Hints: The 67th OEIS Problem
Answer to Hint 1: There are $n-1$ consecutive pairs (for $n\ge 2$; for $n=1$ there is no pair to constrain). You need $n-1$ pairwise distinct positive integers $\gcd(a_i,a_{i+1})$.
Would it help if each $\gcd(a_i,a_{i+1})$ were forced to equal a specific integer you choose in advance?
Answer to Hint 2: Yes — a clean strategy is to design $a_i$ so that $\gcd(a_i,a_{i+1})$ is exactly some “marker” $d_i$, and to pick the markers $d_1,\ldots,d_{n-1}$ all different.
A convenient way to control $\gcd(a_i,a_{i+1})$ is to share factors between neighbors. What happens if both $a_i$ and $a_{i+1}$ are divisible by the same prime, but you arrange other factors so that the shared part is easy to read off?

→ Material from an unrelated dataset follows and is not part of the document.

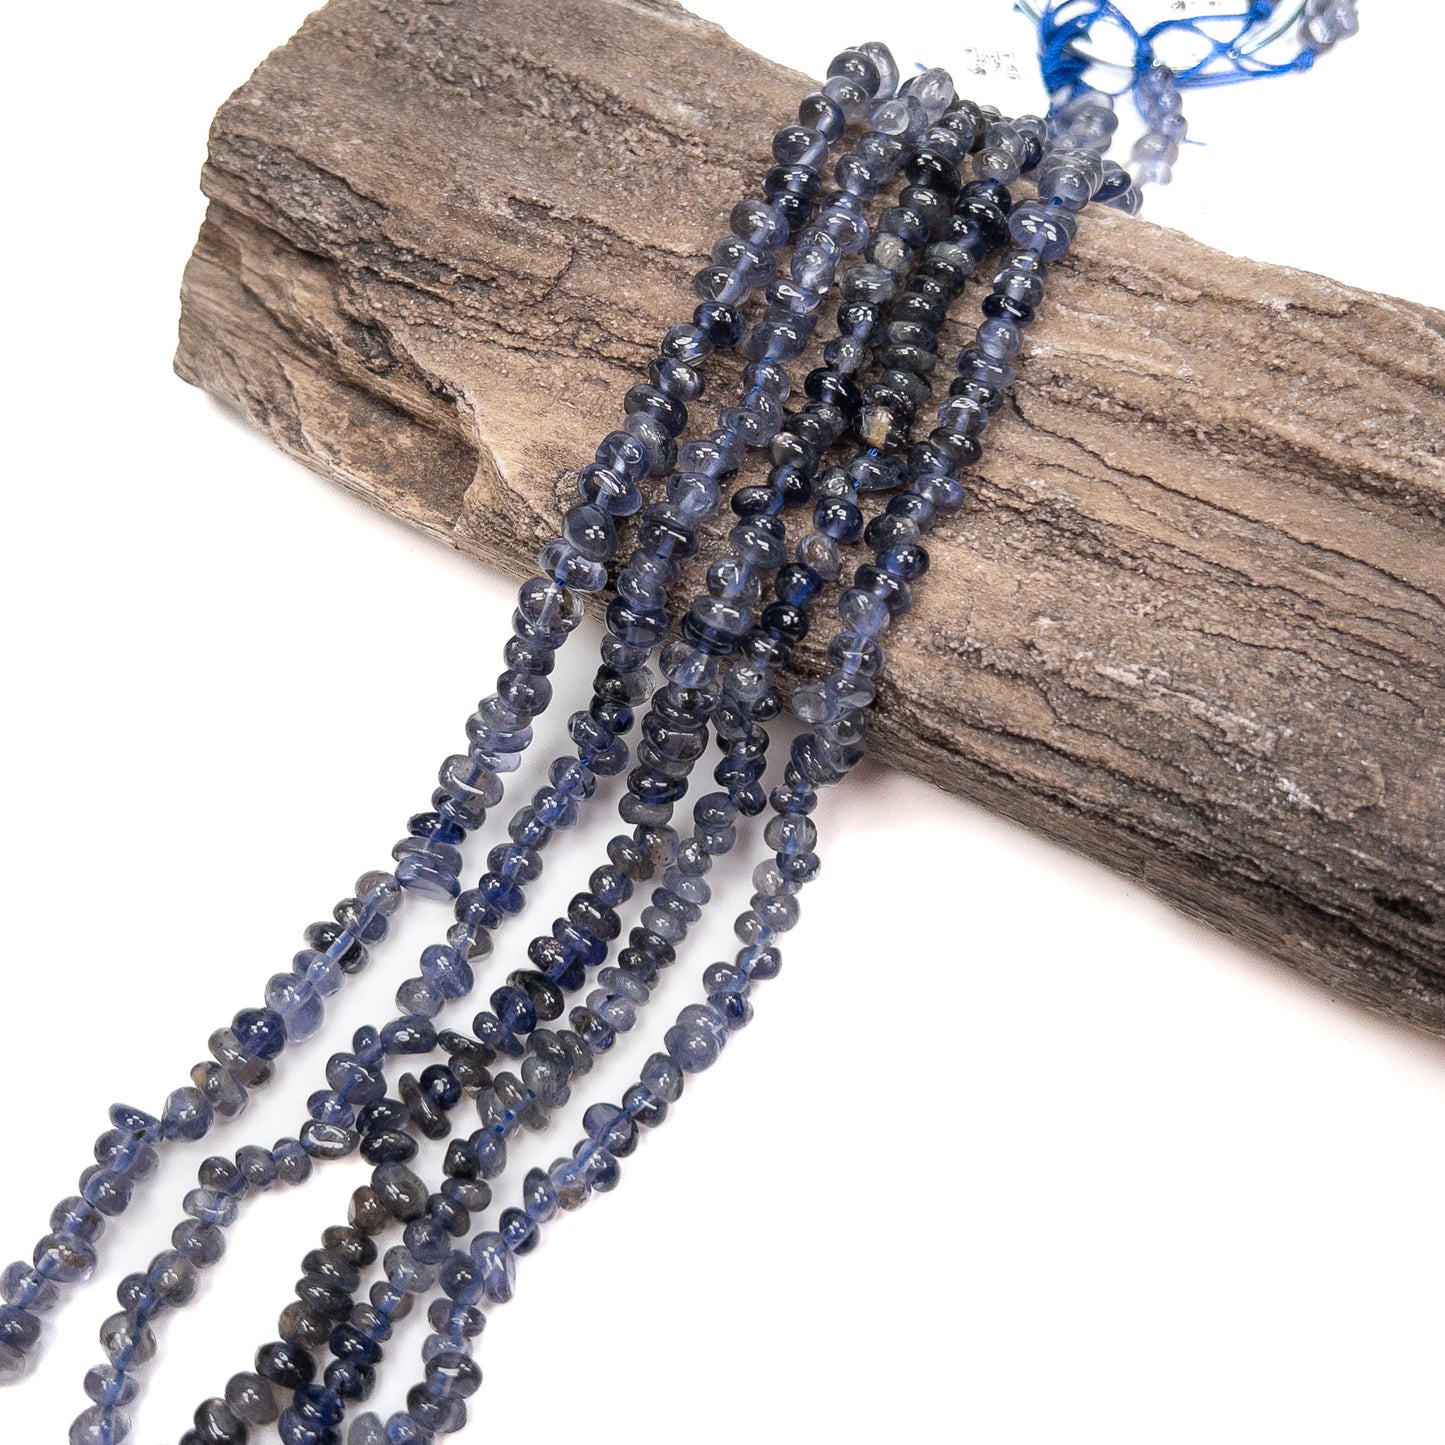 Iolite Small Smooth Tumbled Pudgy Chip Bead - 7.75" Strand

Answer to Hint 3: If you write each term as a product of two factors, you can try to overlap exactly one factor between $a_i$ and $a_{i+1}$, and choose those overlaps to be different from step to step.
Consider odd integers $1,3,5,7,\ldots$ They are spaced two apart. Look at products of two consecutive odd numbers, e.g. something of the form $(2i+1)(2i+3)$. What might $\gcd$ of two neighboring such products pick out?
Answer to Hint 4: Neighboring products share the factor $(2i+3)$: one term is $(2i+1)(2i+3)$ and the next is $(2i+3)(2i+5)$.
Compute $\gcd\bigl((2i+1)(2i+3),\,(2i+3)(2i+5)\bigr)$ using $\gcd$ rules (for example, factor out $2i+3$ and note that consecutive odd numbers are coprime).
Are the results for $i=1,2,\ldots$ all distinct?
Answer to Hint 5: You get $\gcd = 2i+3$ for each $i$, and the values $3,5,7,\ldots$ are strictly increasing, hence distinct.
Taking $a_i = (2i+1)(2i+3)$ for $i=1,\ldots,n$ satisfies the gcd-distinctness condition; check that each $a_i$ lies in the allowed value range for the problem’s constraints.